- What is expected -
Copy, word for word, the lines of the listing below from the line with "A group of people" up to and including the line with "The front view". Drop the pictures.

- Material shown -
· · · ·

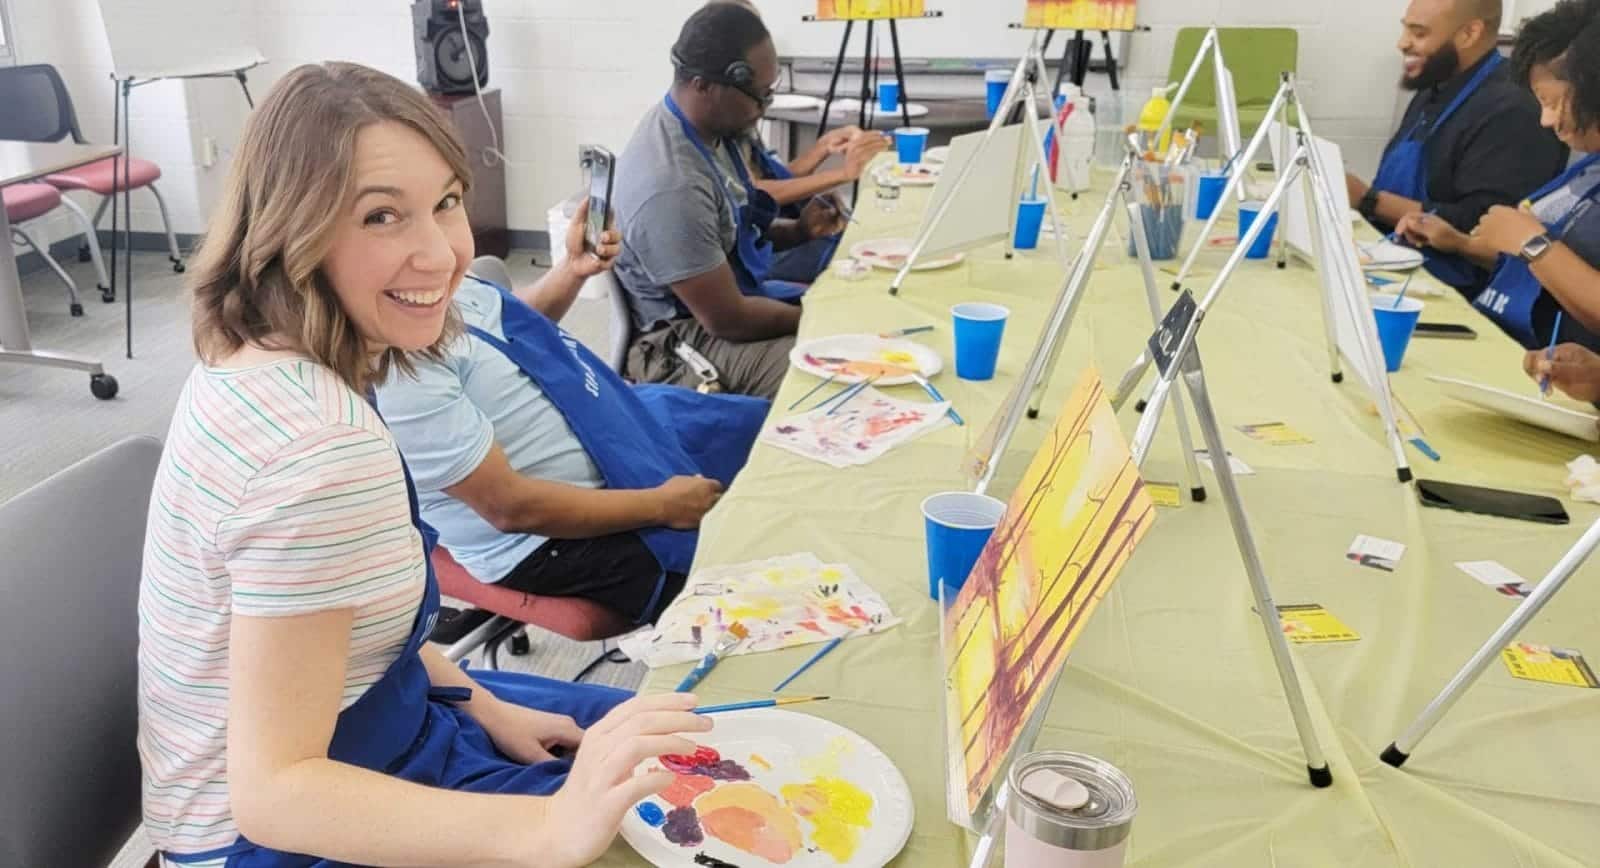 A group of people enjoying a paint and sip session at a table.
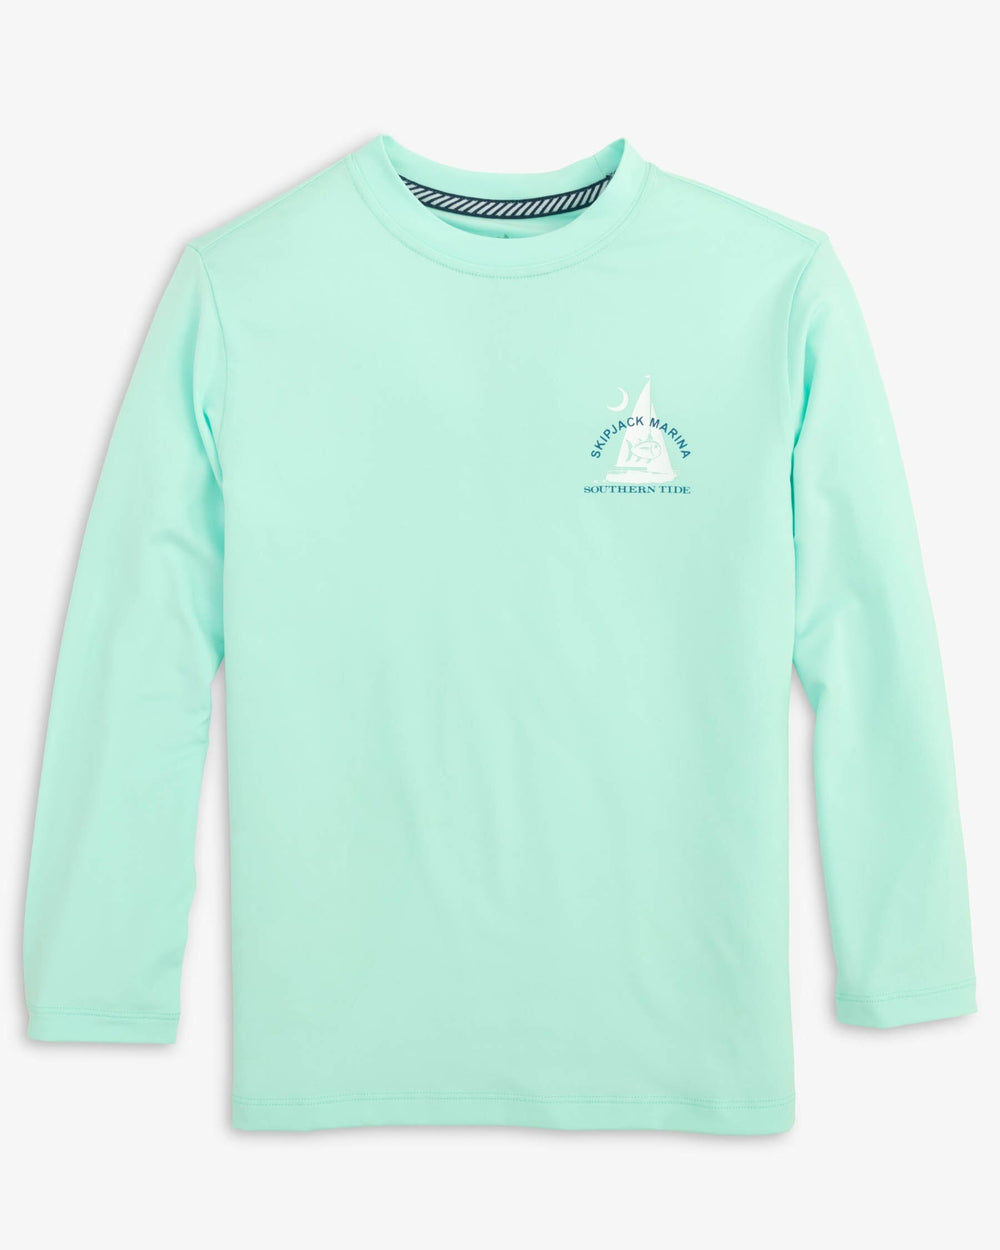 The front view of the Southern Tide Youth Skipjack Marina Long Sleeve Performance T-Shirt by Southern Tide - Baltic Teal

· · · ·

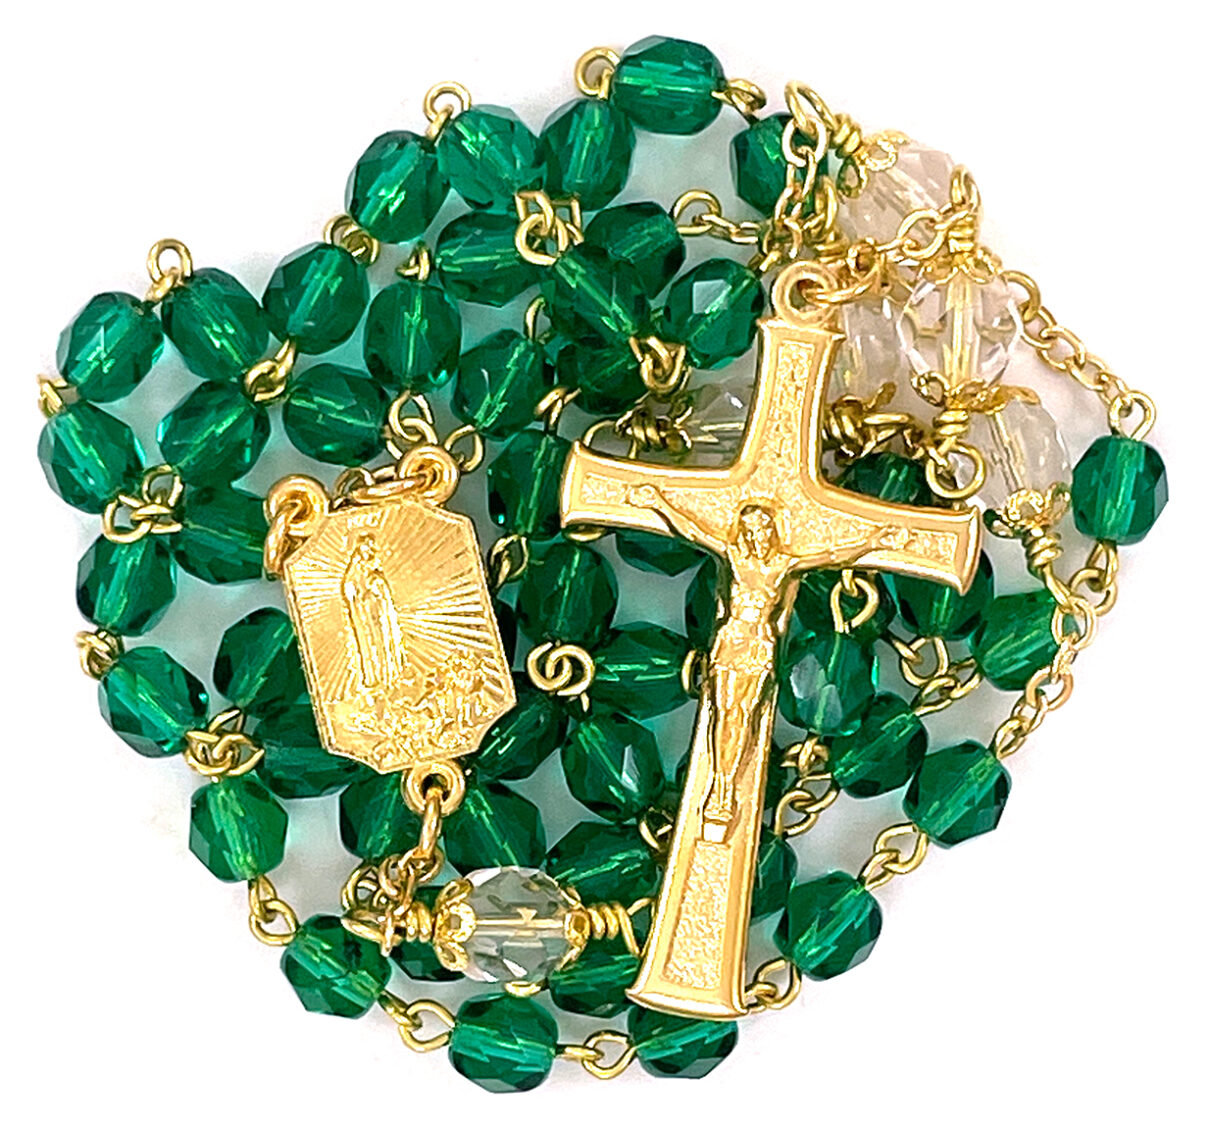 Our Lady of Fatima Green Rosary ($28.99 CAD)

· · · ·

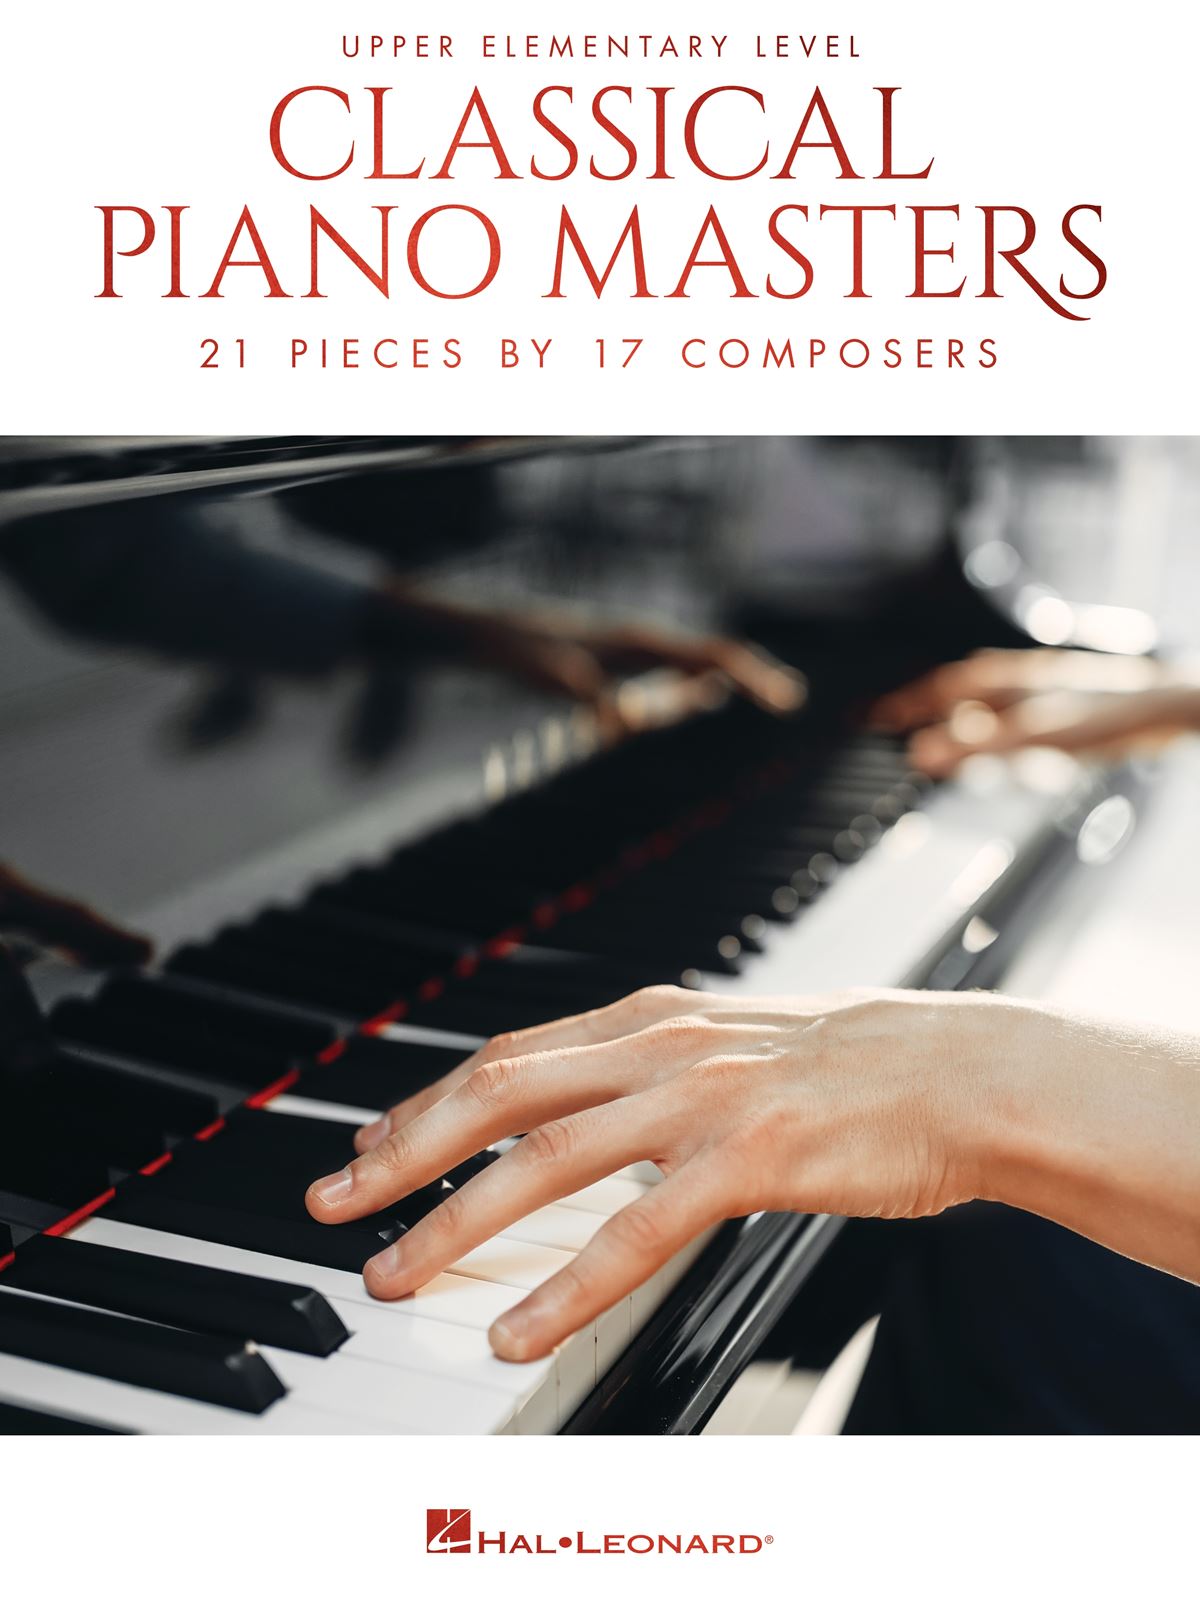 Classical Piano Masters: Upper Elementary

· · · ·

- Solution to the exercise -
 A group of people enjoying a paint and sip session at a table.
 The front view of the Southern Tide Youth Skipjack Marina Long Sleeve Performance T-Shirt by Southern Tide - Baltic Teal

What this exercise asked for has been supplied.